Most of the world is in another ballpark, aren't they? They are not going to understand your relationship with Jesus Christ, so don't expect them to. But oh, please do not be fooled by the world's view of success. We do not have enough time left for us to be fooled by the world's view of success.
Now some of your friends and relatives will put you under great pressure about this. They will not understand your relationship with Jesus. I know that some of your parents or your friends wish that you would go back on drugs so they could understand you. And you wish that they would understand this Jesus thing. Well, that is okay actually. Just don't be fooled by it. Don't be fooled by it.

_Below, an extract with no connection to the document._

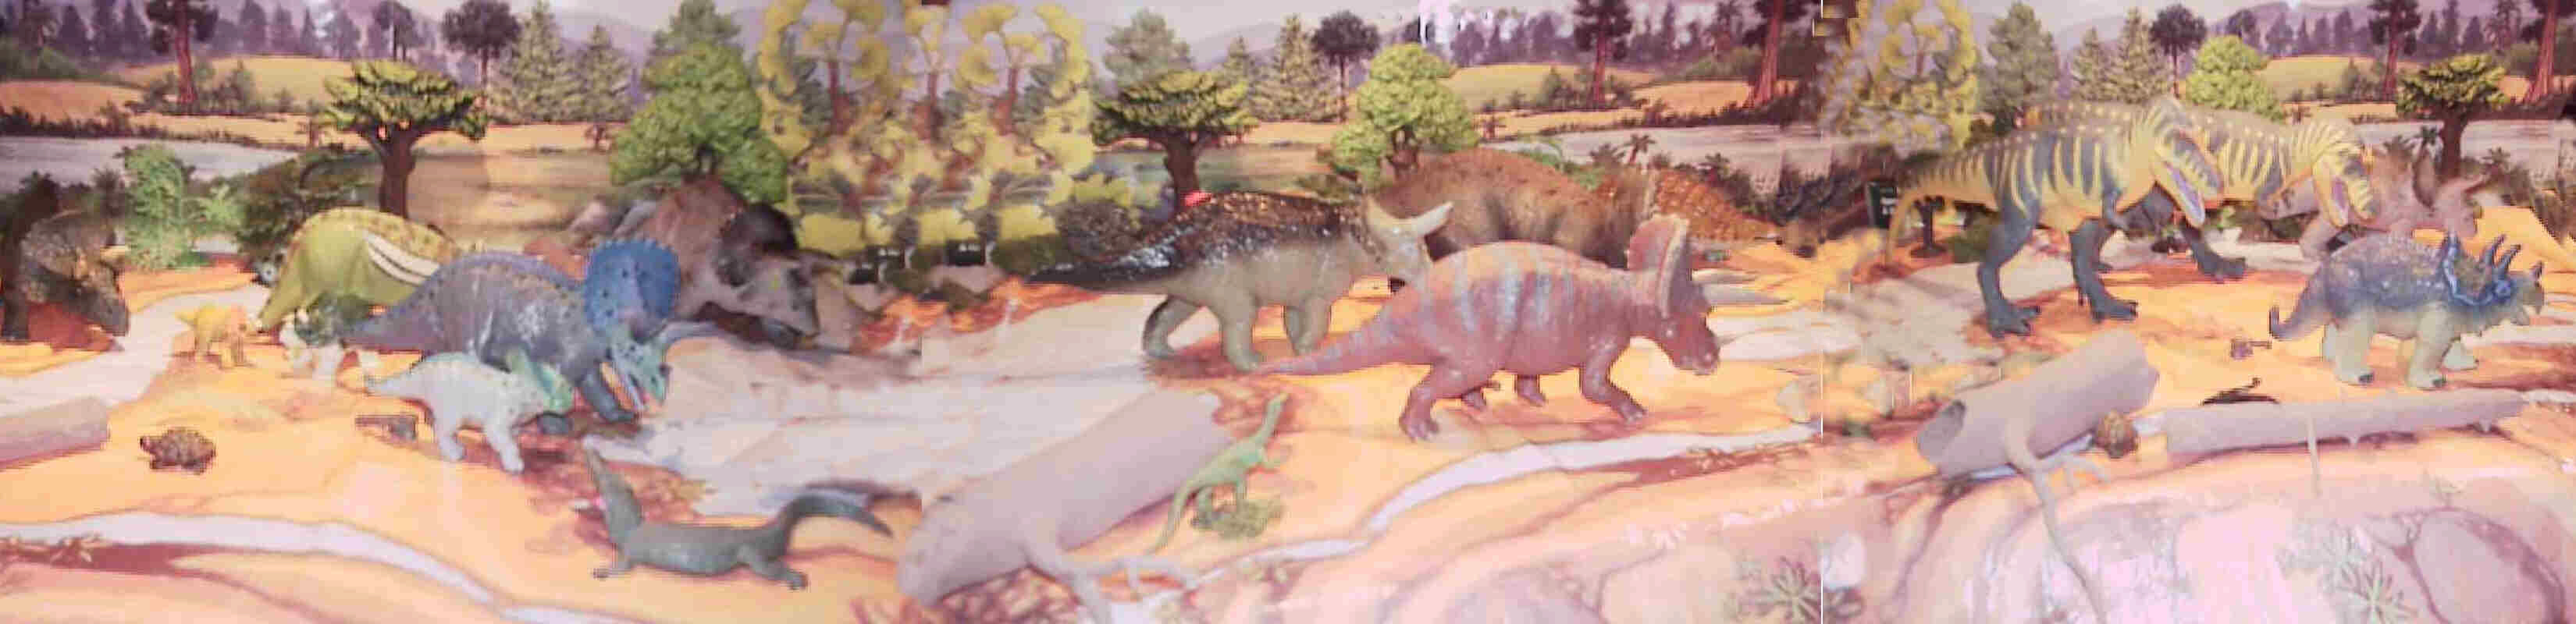 Triceratops is a popular and almost a required figure for a dinosaur line.  Starting from the left we a front half of a Schleich then a green Invicta  Triceratops., a Wild Safari adult and calf, further back a gray UKRD.  Then next a trio the older green  Carnegie Safari, a Bullyland and then a striped Battat Triceratops.  Then we have two different versions of the Battat Tyrannosaurus   Boston Museum figures.  The last Battat figure balanced by its tail  and the earlier figure with the tail raised.  Unfortunately the original more attractive and realistic figure tends to fall over.  An interim fix put snowshoe like bases on the feet but a three-point stance was eventually needed to keep the figure upright.  Last a PlayVision tric.

God may call you to work in some ministry that is so obscure that we never hear from you again. Your name virtually may disappear because of the obscurity of your ministry. But if you are doing it obediently and faithfully and joyfully, you are the most successful Christian on the face of this earth. If God chooses you to work in some ministry where your name is up in lights and you are famous--and that is very dangerous--but you do it faithfully and joyfully and obediently, then you are the most successful Christian on the face of this earth. But you are not one drop more successful than the person who works in obscurity.
You look in the eleventh chapter of Hebrews, that great chapter of faith, and you discover individuals who, by their faith, wrought such mighty deeds that they would end on the front page of today's newspapers because of their faith. But in that same chapter you discover individuals who, by their faith, lived in caves, were fugitives, starved, were tormented, and gave themselves up to die. In the world's eyes all of them were failures because of their faith. But what did God think of them? He said, "The world was not even worthy of them" (cf. Hebrews 11:37-38).
Oh, folks, I would much rather hear, "Therefore God" than anything else--than anything else. Please do not be fooled by the world. I guess what I am really ultimately trying to say is this: If God has chosen you to be a slave--and I suspect He has--don't lower yourself and try to be president.
Let us now go forward and follow Him and watch while we hear, "Therefore God" in our lives.
Oh, thank You, Father, for Your kindness to us. Thank You, Lord, for these people who have come because their hearts are turned toward You. Fill them with Yourself. Overwhelm them with Your goodness, Lord. Walk with them each step so that they sense that You are there. Lord, give them opportunity after opportunity to see Your hand working in their lives. May joy overtake them and surprise them. May Your power be evident in their lives. May Your Word be so present that their lives will be filled with fruit, and never return void. I pray this in the name of Jesus. Amen. Amen.